R&D（Research and Development）
Therapeutic Antibody Projects
Recently, the MBL group has been focusing on the development of therapeutic antibodies. Currently, MBL is making progress in the development of therapeutic antibodies targeting cancers, infectious diseases, and inflammatory diseases. Further, the development of therapeutic antibodies requires not only technologies that allow the acquisition of antibodies, but also high technological capabilities, including their modifications. In addition to the development of mAb technology, we are committed to the development of antibody engineering technologies such as humanization of antibodies, affinity maturation, and enhancement of the antibody-dependent cellular cytotoxicity (ADCC).
Development of Therapeutic Antibodies
The MBL group develops candidates for therapeutic antibodies targeting cancers, infectious diseases, inflammatory diseases, etc. We have successfully isolated several candidate antibodies exhibiting ADCC, anti-tumor effects, and metastasis suppression effects against cancers. Further, the licensing process of one of the original antibodies developed by MBL is currently in progress, and involves pharmaceutical industries worldwide. In addition, we have successfully developed antibody drug candidates against novel target proteins identified using proteomics technology developed by an MBL affiliate, Oncomics Co., Ltd. These antibodies have already been completely humanized, and are being prepared for joint development with pharmaceutical companies. Institute for Antibodies Co., Ltd. has employed phage display technology to isolate many functional antibodies with high specificity for cancers and with anti-tumor effects. We collaborated with clinicians, used SPYMEG cell lines and the phage display technology with blood from infectious patients, and developed fully human antibodies against viruses such as influenza and hepatitis. We successfully isolated antibodies that neutralize infectious viruses; and in some projects, we have started licensing activities for various pharmaceutical companies. We have also developed several antibodies against targets of inflammatory disease, which were originally discovered by university researchers.

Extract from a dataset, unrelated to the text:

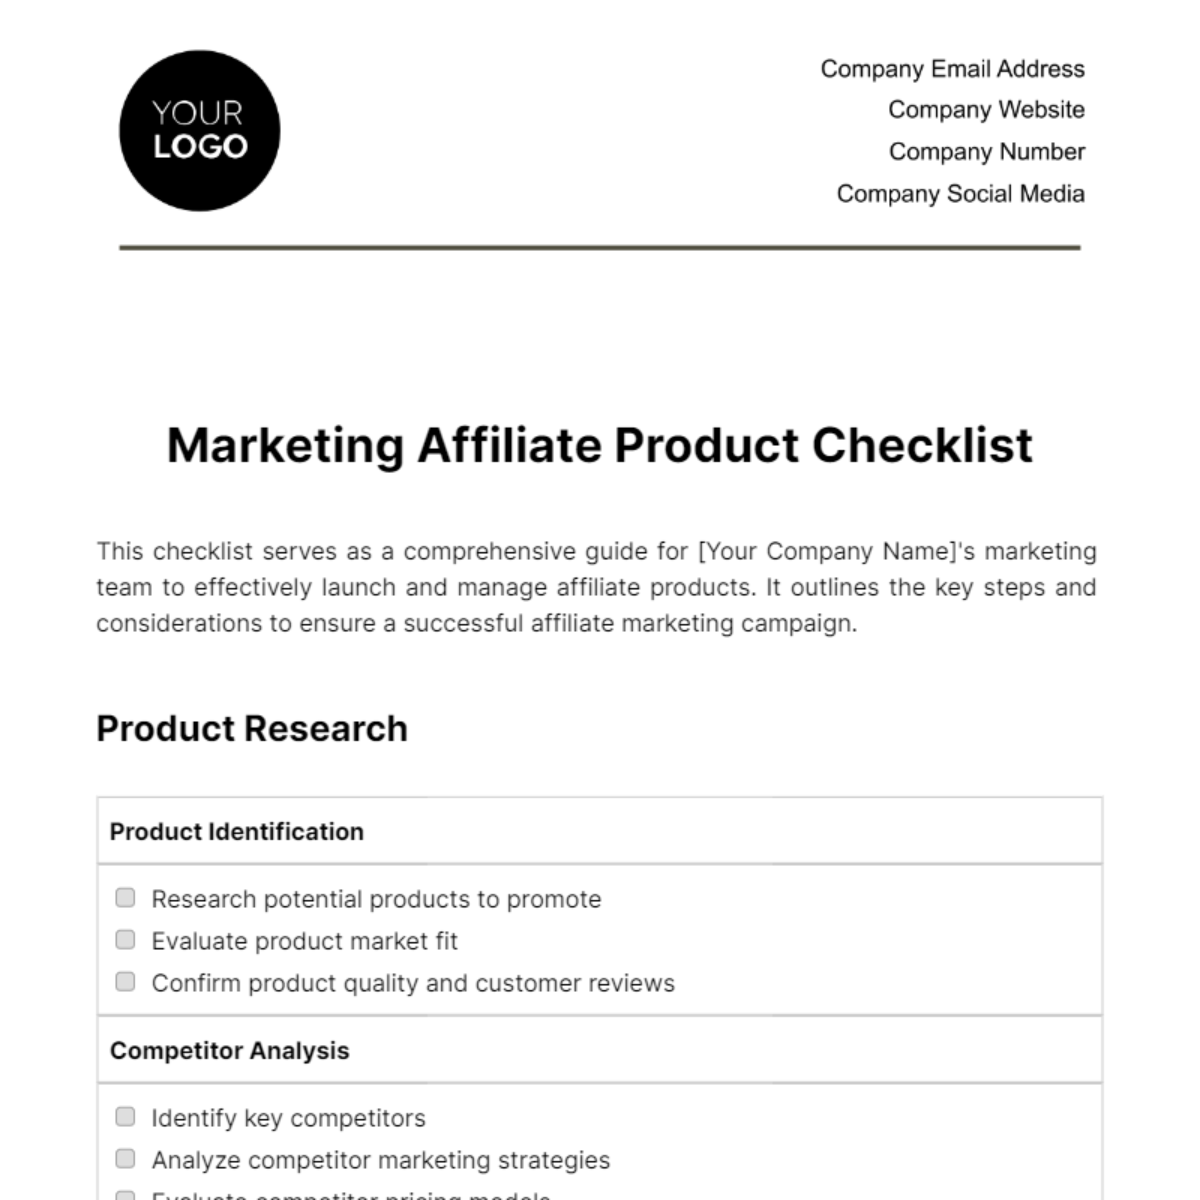 Free Marketing Affiliate Product Checklist Template

Therapeutic Antibody Development Technology
Humanized Antibody Development
Since therapeutic antibodies are destined for use in humans, antibodies derived from other animals can not be used immediately as pharmaceutical products. In particular, mouse-derived antibodies based on the hybridoma method were initially expected to be "magic bullets;" however, they were recognized as foreign substances by the human body. Due to the emergence of the "human anti-mouse antibody" (HAMA), their use has been discontinued. Development of humanized antibodies was one way to address this issue. Medical Research Council Technology (MRCT) in the United Kingdom possesses leading technology to develop humanized antibodies. To strengthen our capability to develop humanized therapeutic antibodies, MBL has introduced MRCT's technology. Currently, we coupled the MRCT's techniques with MBL's original know-how and humanized candidate antibodies in the aforementioned antibody drug project. We were successfully able to humanize all the mAbs that we had previously handled.

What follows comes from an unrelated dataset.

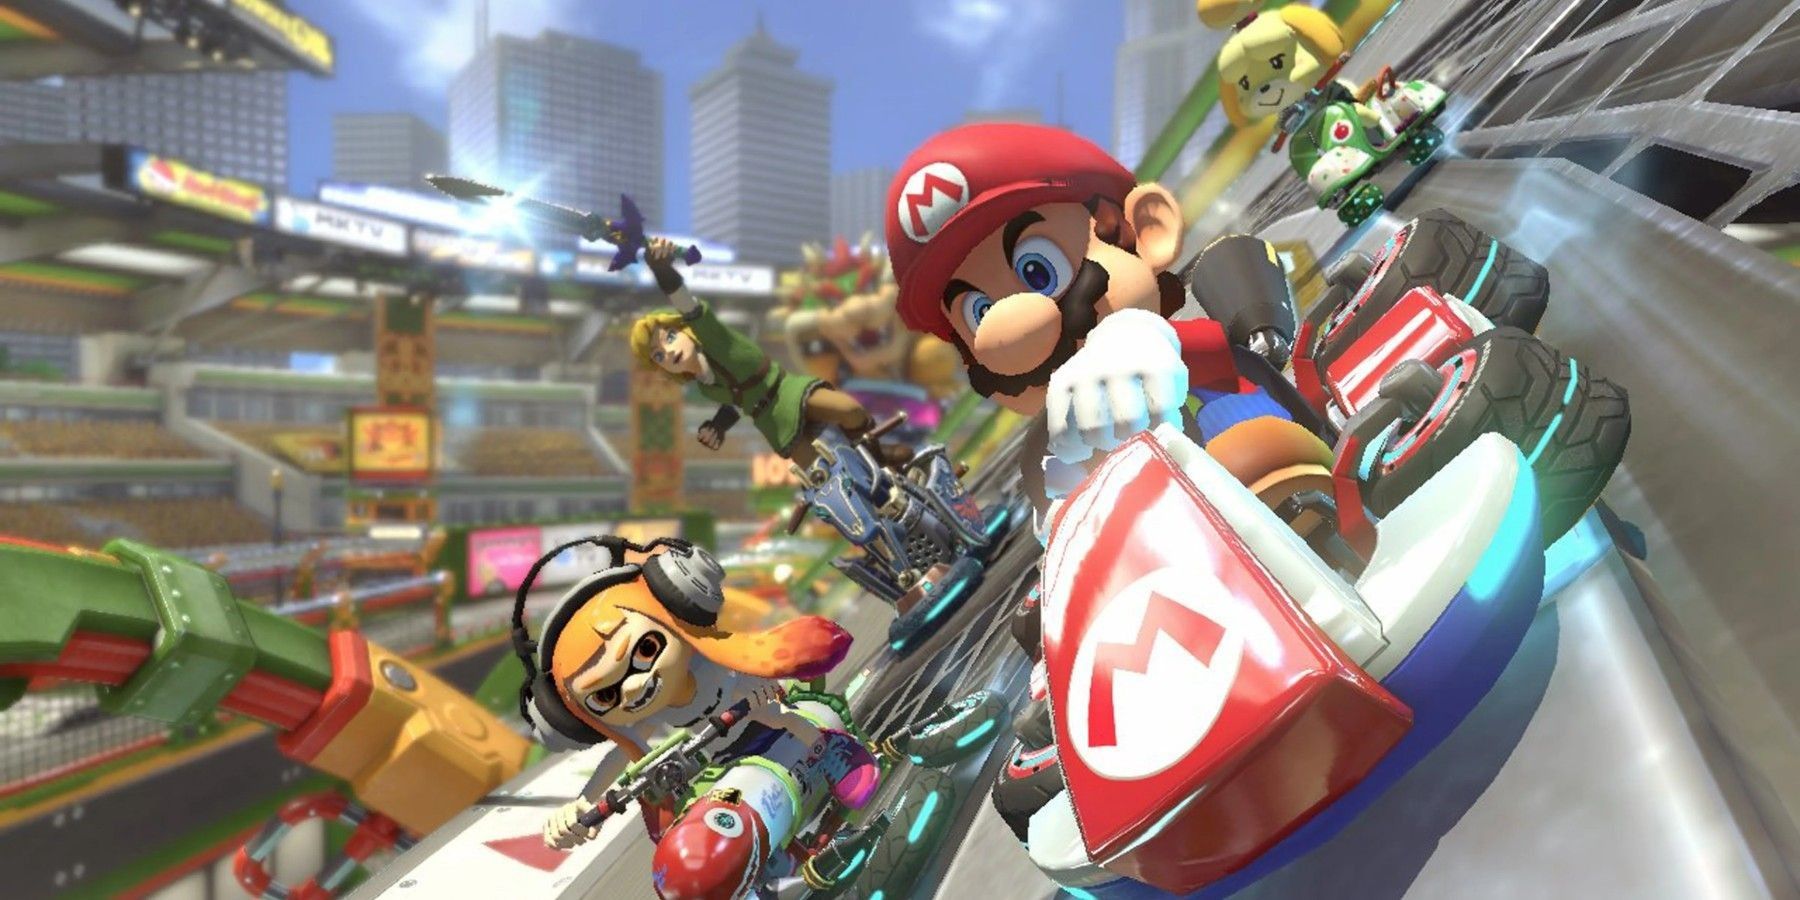 Mario Kart 8 Deluxe finally lets players customize items

Affinity Maturation Technology
After the systemic administration of therapeutic antibodies, their efficacy can only be expected after they reach the affected part. To achieve this, the antibodies are required to exhibit high binding affinity, with a minimum KD value of < 10–9 M. Therefore, even if functional antibodies exhibit high efficacy in vitro, antibodies with low affinity will show considerably lower efficacy on the target in vivo. The MBL group has established affinity maturation technology, which uses phage display to increase the affinity of the candidate antibodies while maintaining their activity. This technology could enhance the affinity by 10 to 100-fold the level of the original antibody.

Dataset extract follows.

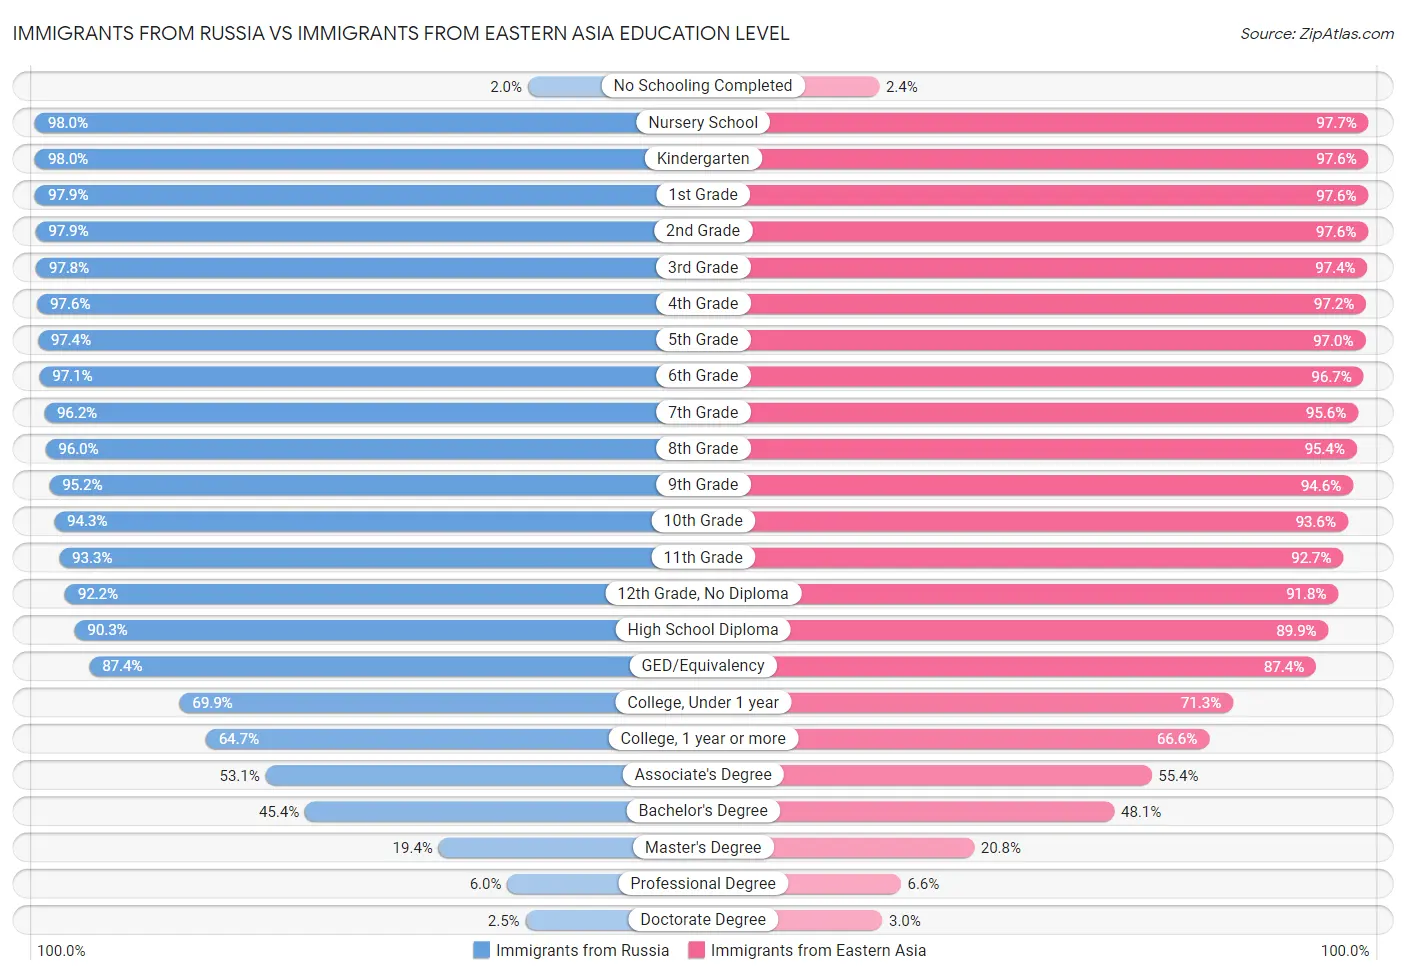 Immigrants from Russia vs Immigrants from Eastern Asia Education Level

ADCC Enhancement Technology
AThe known anti-tumor effects of therapeutic antibodies include the antibody-dependent cellular cytotoxicity (ADCC), complement-dependent cytotoxicity (CDC), and neutralizing activity. Of these, ADCC is considered particularly important; and MBL has discovered that by substituting amino acid residues at particular positions in the constant region of the antibody, the ADCC levels can be increased to 10- to 100-fold of the corresponding levels achieved by wild-type antibodies. We are conducting ongoing research with an aim to further improve the ADCC levels.